Selective Content Blocking

Some content warrants training exclusion even if your default is to allow training crawlers:

# Allow training crawlers generally
User-agent: GPTBot
Allow: /docs
Allow: /blog
Disallow: /customers    # Customer case studies — contractually restricted
Disallow: /pricing      # Pricing changes frequently, stale training data is harmful
Disallow: /private      # Internal content

User-agent: ClaudeBot
Allow: /docs
Allow: /blog
Disallow: /customers
Disallow: /pricing
Disallow: /private

Content Signals

Content Signals are a structured way to declare AI usage permissions alongside robots.txt. They can be emitted through managed platform settings or written directly into robots.txt:

User-agent: *
Content-Signal: search=yes, ai-input=yes, ai-train=no
Allow: /

Some platforms can also emit the same signal as a response header:

Content-Signal: search=yes, ai-input=yes, ai-train=no

The three signal types:

search — Whether search engines may index this content. search=yes is equivalent to allowing Googlebot.

ai-input — Whether AI systems may use this content as retrieval context at inference time. ai-input=yes allows retrieval bots to include this page in their responses.

ai-train — Whether AI systems may use this content to train or fine-tune models. ai-train=no is the typical setting for commercial content you want to protect.

The header approach has an advantage over robots.txt: it applies per-response rather than per-path, which means you can vary the policy based on the request (authenticated users versus public content, for example).

Content Signals does not replace robots.txt.
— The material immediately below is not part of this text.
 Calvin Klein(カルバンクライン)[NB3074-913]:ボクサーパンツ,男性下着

Well-behaved crawlers respect both, with robots.txt as the baseline and Content Signals as an override or supplement. Bots that do not support Content Signals still see robots.txt.

Referencing llms.txt from robots.txt

There is no official standard for linking llms.txt from robots.txt, but the informal convention is a comment line:

# AI agent index
# llms-txt: https://example.com/llms.txt
# llms-full: https://example.com/llms-full.txt

Some crawlers parse these comment conventions. It is low cost to include them.

The Enforcement Gap

robots.txt is unenforceable. It is a convention, not a technical control. Any crawler can ignore it, and many commercial scrapers do. A Disallow directive in robots.txt is a statement of preference, not a barrier.
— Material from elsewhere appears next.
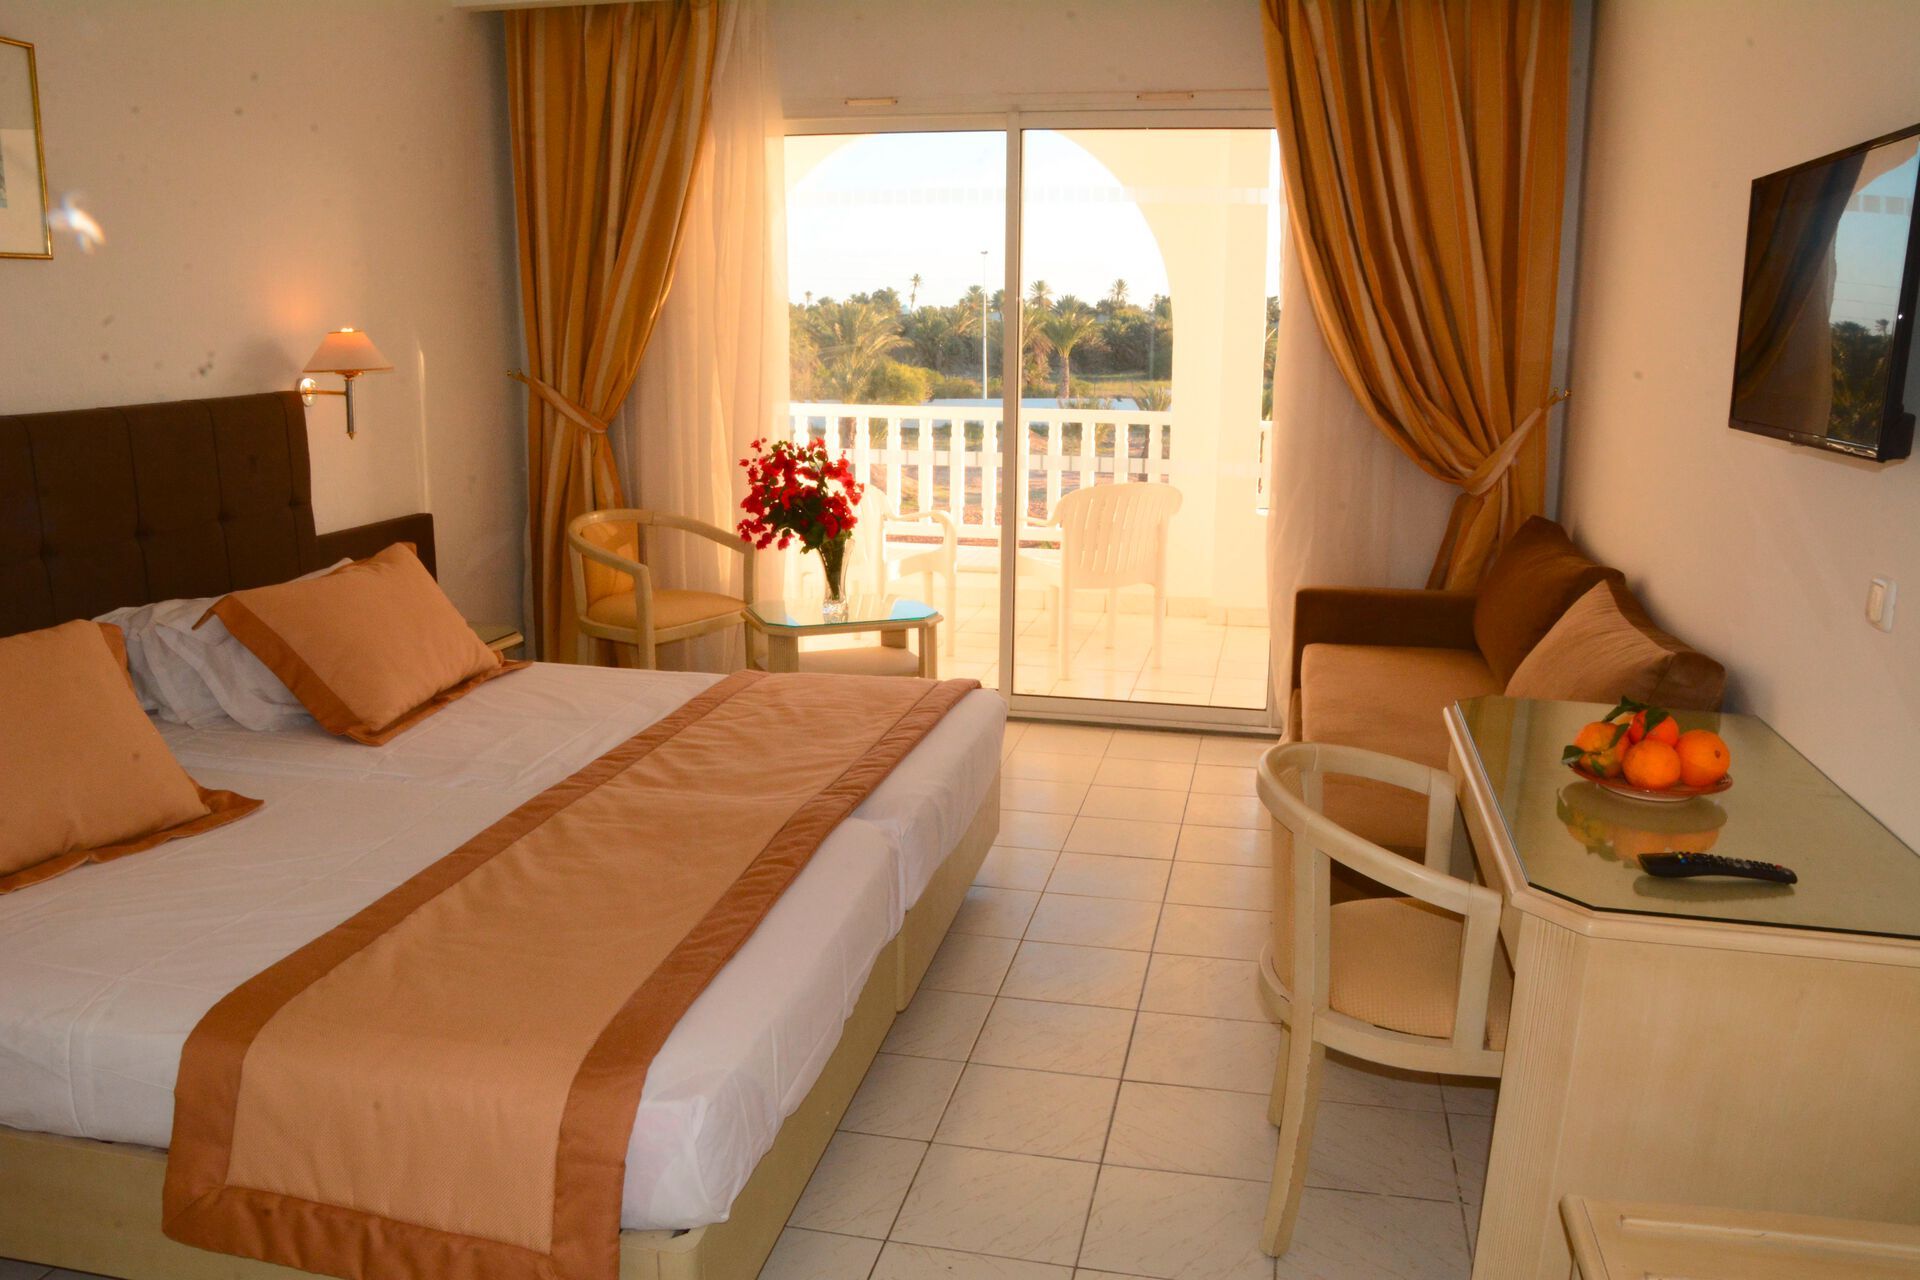 Tunisie - Djerba - Hotel Djerba Golf Resort & Spa 4*

For content you genuinely need to protect from AI training or unauthorized use:

  • Authentication gates — content behind login walls is not indexable by crawlers without credentials
  • Legal agreements — Terms of Service that explicitly prohibit scraping create legal liability for violators
  • noindex meta tags<meta name="robots" content="noindex"> instructs search engines not to index a page; some AI crawlers respect this
  • Rate limiting — throttling requests from known bot user-agents limits scraping throughput

For most documentation and public content, robots.txt is the appropriate tool. It works for well-behaved crawlers — which includes all the major AI companies — and documents your policy for any future disputes.

Monitoring Bot Traffic

Understanding which AI bots are actually crawling your site helps you verify robots.txt is being respected and identify undeclared crawlers:

  • Filter your access logs for known bot user-agent strings
  • Watch for high-volume requests from cloud provider IP ranges with no matching user-agent
  • Use Cloudflare's Bot Management dashboard if your site is on Cloudflare
  • Check the Referer header on server-side rendered pages — retrieval bots often include a Referer pointing to the AI product that triggered the fetch

If you see traffic from a bot not covered by your robots.txt, look up the bot's documentation to identify its user-agent string and add an appropriate directive.